There are several more economical solutions in widespread use. The most enduring of these is the deer-and-harehide suit of the aboriginal peoples of the Arctic, which allows the hunter-gatherer tribes to travel long distances comfortably, and requires the construction of only a simple, inexpensive and temporary dwelling for the few activities that cannot be carried out comfortably out-of-doors. These natural suits are, for the Ihalmiut, the perfect house.

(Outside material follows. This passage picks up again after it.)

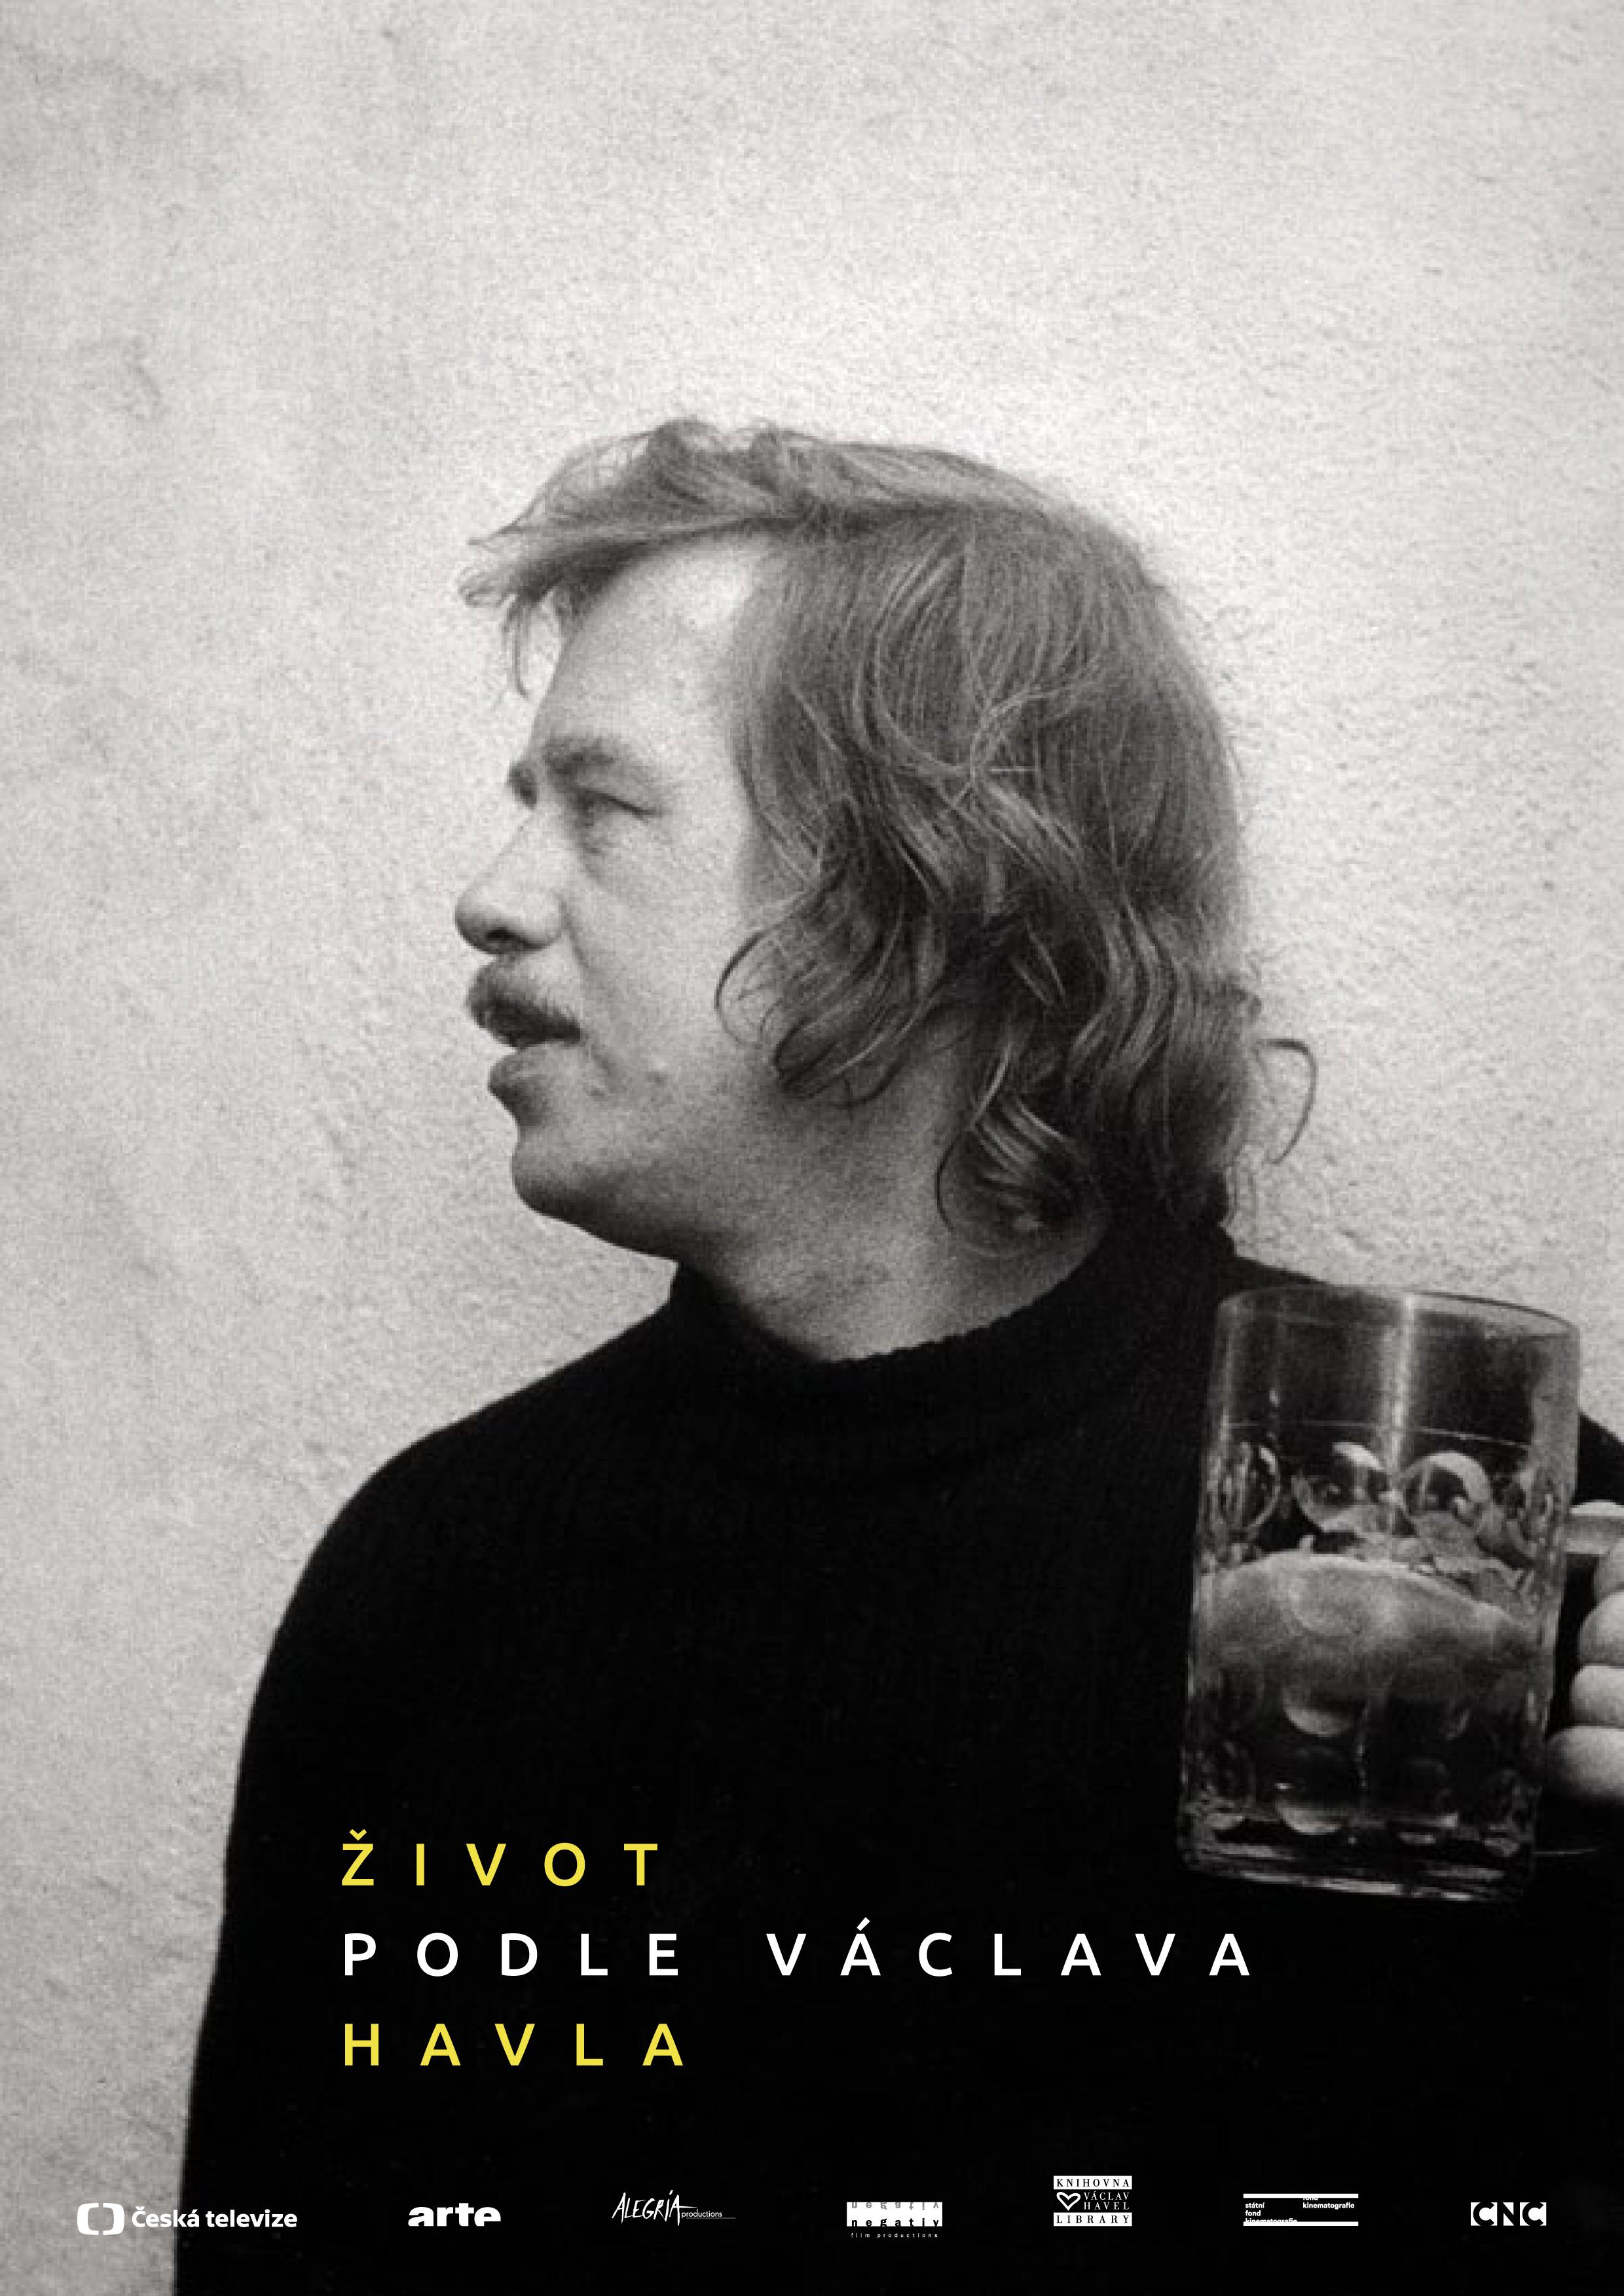 Život podle Václava Havla

In areas more hospitable to us naked humans (the tropics), the few gatherer-hunter peoples that have not been exterminated by Agricultural Man build only temporary structures and abandon them as their communities migrate across their hunting and gathering range. They lead the most leisurely lives of any humans on the planet, spending most of their lives 'outside' and hoarding nothing.
Actually, the proposal comes here:
So I'd like to propose a collaboration: Let's create, together, the Wearable Home. The three steps in doing so are:
  1. 1. Develop a complete specification for the Wearable Home -- what it would have to be able to do.
  2. Research current and evolving technologies that meet these specifications.
  3. Design it.

Here's a very incomplete start to the specification:
  • It would have to be comfortable and allow full freedom of movement in any weather conditions
  • It would have to be, if not fashionable, at least not ridiculous-looking
  • It would have to incorporate the portable communication, information and entertainment technologies that we now take for granted, built-in, without having to carry around bulky or heavy 'peripherals'
  • It would have to allow us to see and function in the dark, using either built-in lighting or some other optical technology
  • It would have to be either easy to clean or keep clean, or self-cleaning
  • It would have to be comfortable enough to sleep in, ideally without the need for bedding
  • It would have to be customizable both stylistically (we don't all want to look the same) and functionally (e.g. temperature could be regulated to personal preferences)
  • It would not replace the need for a place to store and cook food, but would obviate the need for every other room in the modern 'single family home' except the kitchen and (probably) the bathroom
I like it. Of course that should exist. It should be an option at least. A typical single-family home weighs around 150 tons. Seems a little excessive that that's the default way of living. Not to mention that it isn't mobile, so I'll be out of my shell when I'm everywhere else.

Imagine that - a suit that would allow me to live comfortably outside anywhere on Earth, from the arctic to the tropics. Of course I'd expect some fancy technology to be involved. It would need to keep me warm, or cool me down. It would need to be wired for communication. It would need to store power for these things.

It would be nice if one could feel free to explore the world without having to have scheduled a $100 hotel room every night, and without always having to get "back" to somewhere.

I have a hard time imagining having no other home, but I'd like to have it as an option at least.